Comments (13)
That does the trick. It appears the default value is a batch size around 100. I made that 50 and now it is training without memory issues. Thanks!
from digits.
After I changed the batch size but I also met the same issue. And then I changed the mode from GPU to CPU, it did work. The problem of my issue is my computer can't store the parameter of my net.
from digits.
Thanks! Will first try tiling the data set to smaller fovs.
from digits.
Hi, @nullterminated. The standard models were designed to fit on GPUs with 4GB of memory or more - that is why you're running out of memory. If you decrease the batch size, you should be able to run just about any network you want with 3GB of GPU memory. It will just take a bit longer.
from digits.
I've added a feature that should help avoid these issues in the future. I'm going to go ahead and close this issue in faith that changing the batch size will fix your problem for you for the present. Please re-open it if you still have an issue here.
from digits.
Same problem...
Set the batch size to 1 manually but it didn't work.

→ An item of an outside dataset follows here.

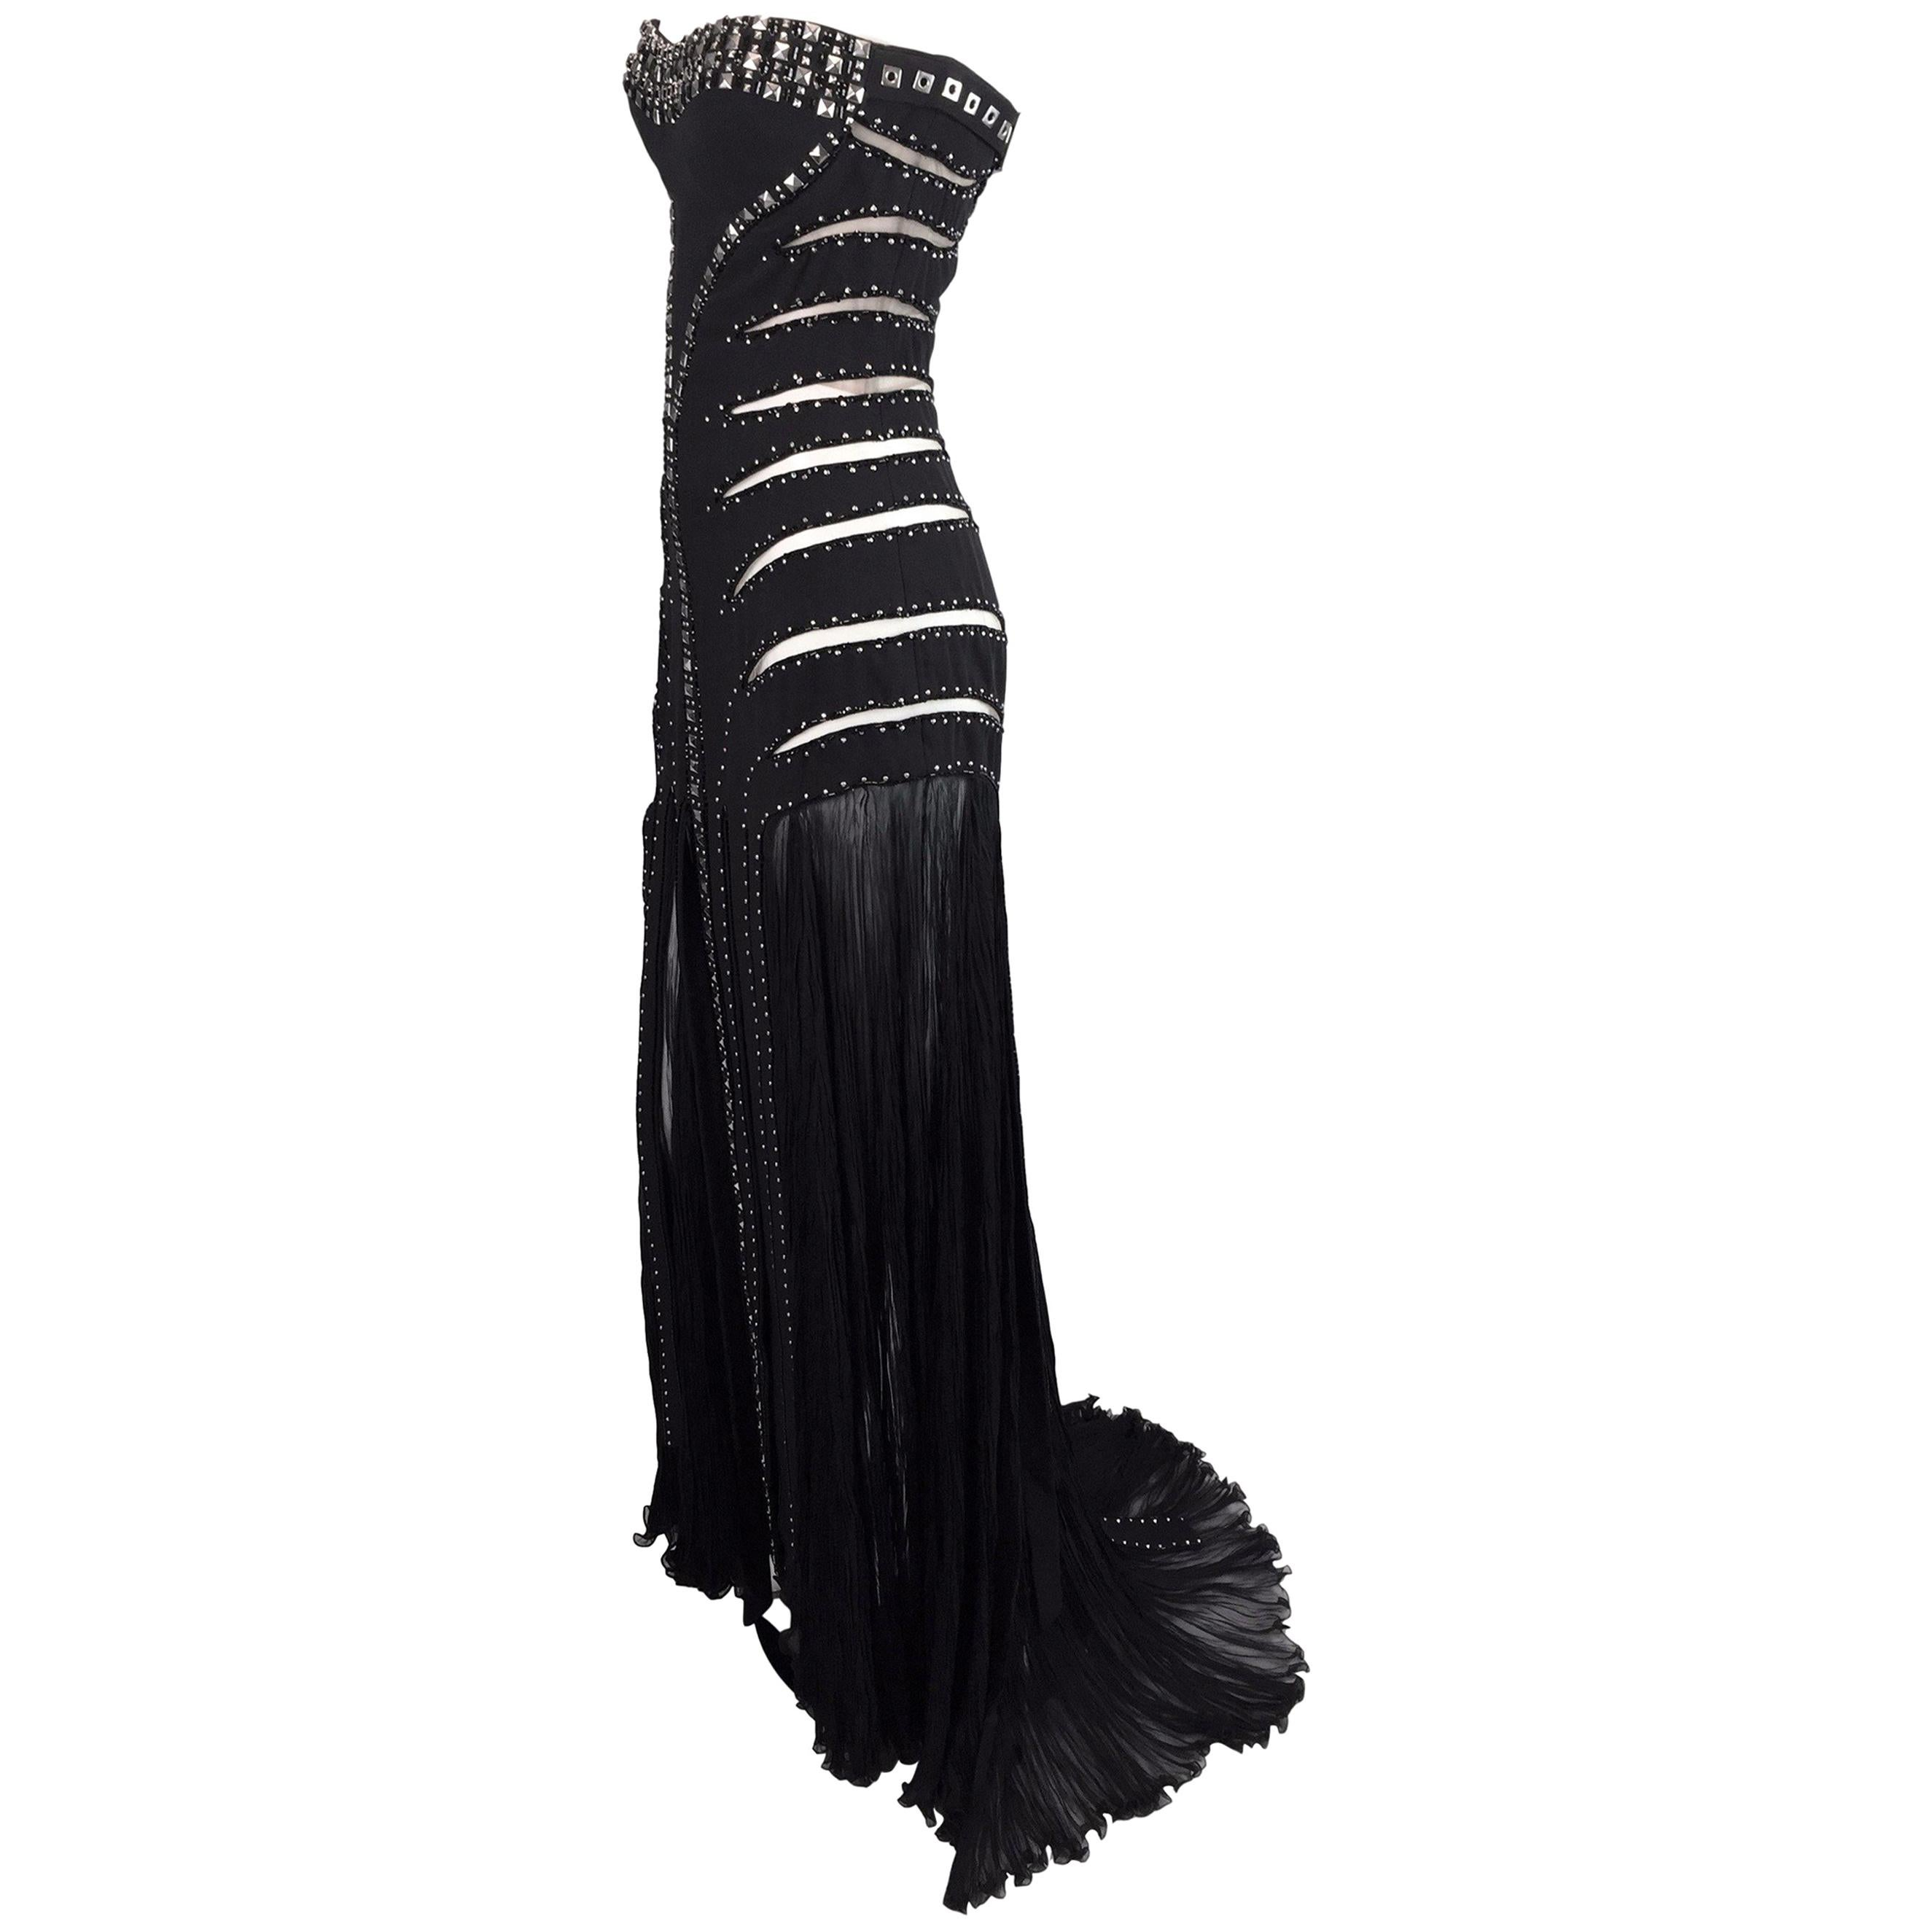 F/W 2004 Runway Atelier Versace Black Sheer Mesh Cut Out Studs Beaded Gown Dress

Are there any other solutions?
Hardware
Tesla K80 (#0)
Memory
7.56 GB / 11.2 GB (67.2%)
GPU Utilization
98%
Temperature
41 °C
Process #159052
CPU Utilization
113.0%
Memory
1.4 GB (0.6%)
from the output.log:
I1110 10:41:47.261068 158591 net.cpp:761] Ignoring source layer upscore_21classes
I1110 10:41:47.261715 158591 caffe.cpp:251] Starting Optimization
I1110 10:41:47.261730 158591 solver.cpp:279] Solving
I1110 10:41:47.261734 158591 solver.cpp:280] Learning Rate Policy: step
I1110 10:41:47.263772 158591 solver.cpp:337] Iteration 0, Testing net (#0)
I1110 10:41:55.251052 158591 solver.cpp:404] Test net output #0: accuracy = 0
I1110 10:41:55.251092 158591 solver.cpp:404] Test net output #1: loss = 3.04452 (* 1 = 3.04452 loss)
I1110 10:41:55.762611 158591 solver.cpp:228] Iteration 0, loss = 3.04452
I1110 10:41:55.762641 158591 solver.cpp:244] Train net output #0: loss = 3.04452 (* 1 = 3.04452 loss)
I1110 10:41:55.762686 158591 sgd_solver.cpp:106] Iteration 0, lr = 0.0001
I1110 10:42:03.353044 158591 solver.cpp:228] Iteration 4, loss = 2.76947
I1110 10:42:03.353076 158591 solver.cpp:244] Train net output #0: loss = 2.76947 (* 1 = 2.76947 loss)
I1110 10:42:03.353085 158591 sgd_solver.cpp:106] Iteration 4, lr = 0.0001
I1110 10:42:08.067147 158591 solver.cpp:228] Iteration 8, loss = 2.11253
I1110 10:42:08.067178 158591 solver.cpp:244] Train net output #0: loss = 2.11253 (* 1 = 2.11253 loss)
I1110 10:42:08.067185 158591 sgd_solver.cpp:106] Iteration 8, lr = 0.0001
I1110 10:42:13.411054 158591 solver.cpp:228] Iteration 12, loss = 1.45452
I1110 10:42:13.411083 158591 solver.cpp:244] Train net output #0: loss = 1.45452 (* 1 = 1.45452 loss)
I1110 10:42:13.411092 158591 sgd_solver.cpp:106] Iteration 12, lr = 0.0001
F1110 10:42:19.409853 158591 syncedmem.cpp:56] Check failed: error == cudaSuccess (2 vs. 0) out of memory
*** Check failure stack trace: ***
@ 0x7ffff1b519fd google::LogMessage::Fail()
@ 0x7ffff1b537cc google::LogMessage::SendToLog()
@ 0x7ffff1b515ec google::LogMessage::Flush()
@ 0x7ffff1b540de google::LogMessageFatal::~LogMessageFatal()
@ 0x7ffff742b821 caffe::SyncedMemory::to_gpu()
@ 0x7ffff742ab89 caffe::SyncedMemory::mutable_gpu_data()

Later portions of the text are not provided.